The verses of A Place in this World depict a narrator who is seeking despite not knowing precisely what she hopes to find. She opens the song by stating: “I don’t know what I want.” According to the chorus, the only thing she does know is that she’s “alone, on [her] own.” She repeatedly states
“I’m just a girl
Trying to find a place in this world.”
References to sunshine and rain hint at Swift’s mixed emotions towards her search.
Literary Device Demonstration:
In the second verse, Swift quotes Shakspeare by using the phrase “wearing my heart on my sleeve.” In Act I, scene i of Othello, the villain Iago declares that the day he reveals his true motives, he
“will wear my heart upon my sleeve
For daws to peck at.”
In Iago’s opinion, putting your heart on your sleeve is dangerous. The sleeve is the wrong place for the heart, and it gives others the opportunity to harm it.

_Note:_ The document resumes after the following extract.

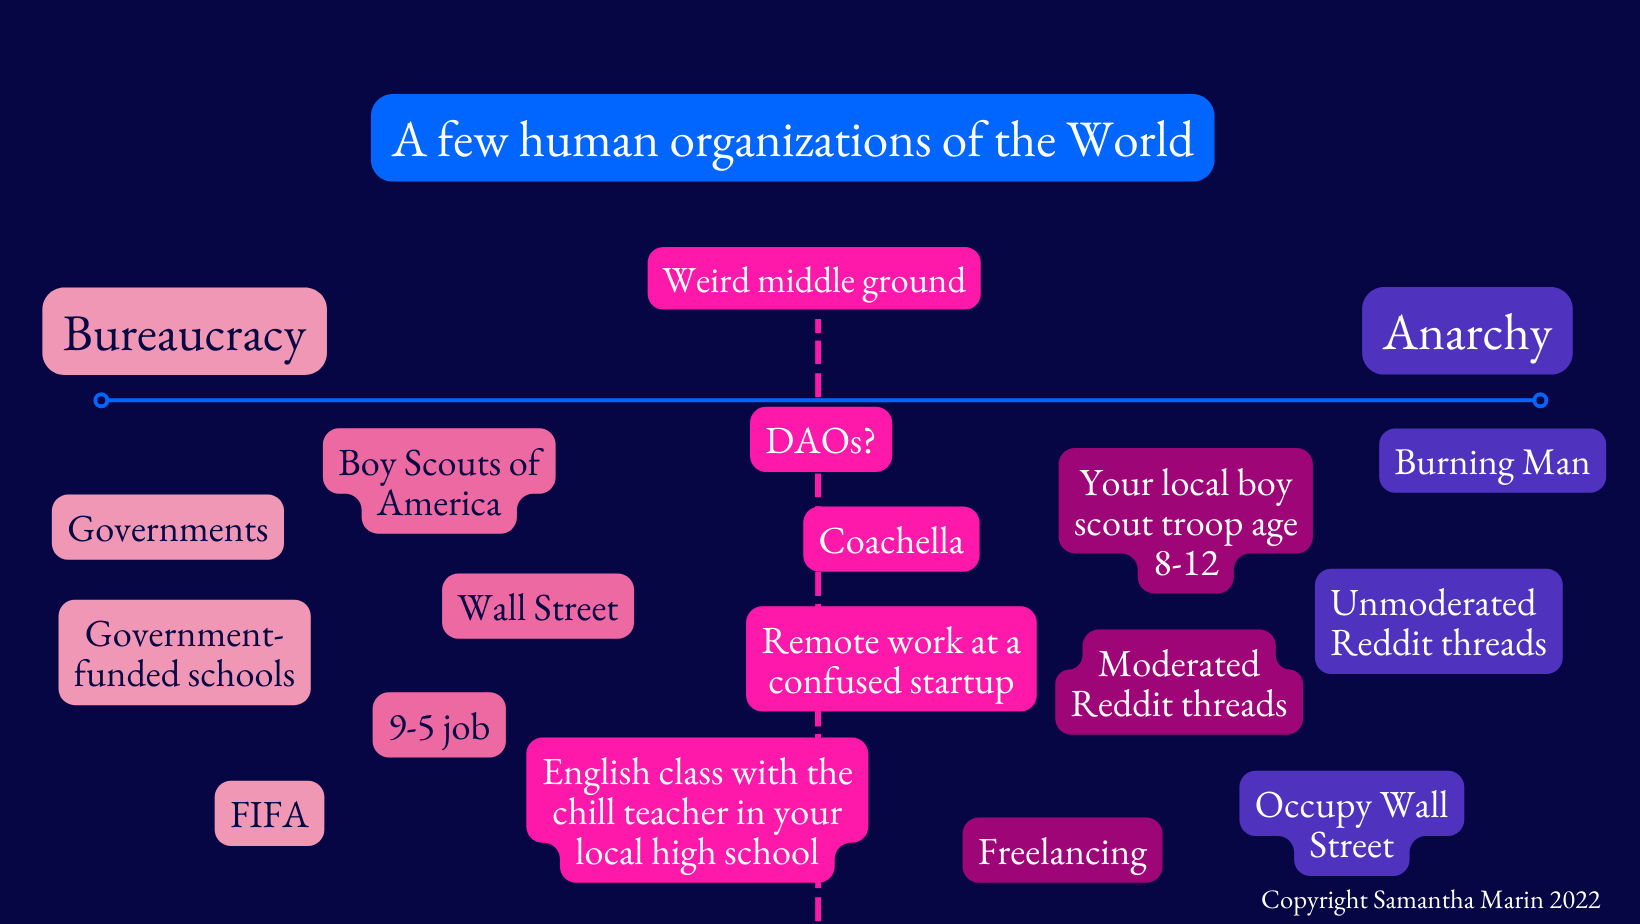 A few human organizations of the world, plotted on an X axis of Bureaucracy to Anarchy.

In addition to the direct comparison of Swift and Iago, Swift’s quotation of Shakespeare creates an intertextual dialogue with the plot of Othello. Although Othello is a general in the Venetian Army, he is not originally from Venice. Viewed perpetually as an outsider, Othello is without a secure place in this world, and the result is Tragedy. Swift’s allusion heightens the stakes of being “placeless” for readers who can put these two works in dialogue with one another.
As the fourth song on Taylor Swift’s debut album, A Place in This World introduces a new trio and a new theme. The first three songs (Tim McGraw, Picture to Burn, and Teardrops on my Guitar) feature a narrator grappling with what it means to exist within time. With A Place in this World, Swift shifts to a trilogy of songs that grapple with geospatial existence. Swift explicitly declares the shift, saying, “tomorrow’s just a mystery, oh yeah / But that’s okay.” The future — time — is beyond her understanding, but Swift has now accepted the profound enigma.* The next three songs on the album (A Place in this World, Cold as You, and The Outside) wrestle instead with location.
In A Place in this World, Swift is metaphorically and physically lost. She cannot find “a place in this world.” Indeed, she cannot even explicitly name where (or what) precisely she is looking for. She opens by stating: “I don’t know what I want.” In the bridge, she expresses “maybe I’m just a girl on a mission,” reminding the listener once again that she does not know. Throughout the song, Swift will make many vague references. She states: “don’t know what’s down this road” and “I’m not the only one who feels / the way I do” without specifying which road or which feeling she means. In the second verse, she asks “Could you tell me what more do I need?” without any indication of who she is addressing (but with the implication that she doesn’t know what she needs.) Finally, even the title of the song is vague. Swift is not looking for her place or even the place, but a place — a shocking and Beckettian lack of specificity for someone who is on a quest.
In a world where women are not encouraged to take up space*, the concept of finding a place in this world is so befuddling to young Swift that she cannot even name what place she is seeking. Instead, she bumbles her way through vague cliches in an attempt to understand. Swift is not merely seeking for a place, but seeking for a place to seek for — striving not just for a place in this world, but to understand what it would mean to have one. Despite her befuddlement, Swift is “walking” and “ready to fly” — ready to move through space deliberately and rapidly. Swift assures the reader that “[she]’ll be strong.” Although Swift must further explore what it means to have a place in this world, nevertheless, she will persist in seeking one. Given her persistence in repeating the chorus, we may imagine she succeeds.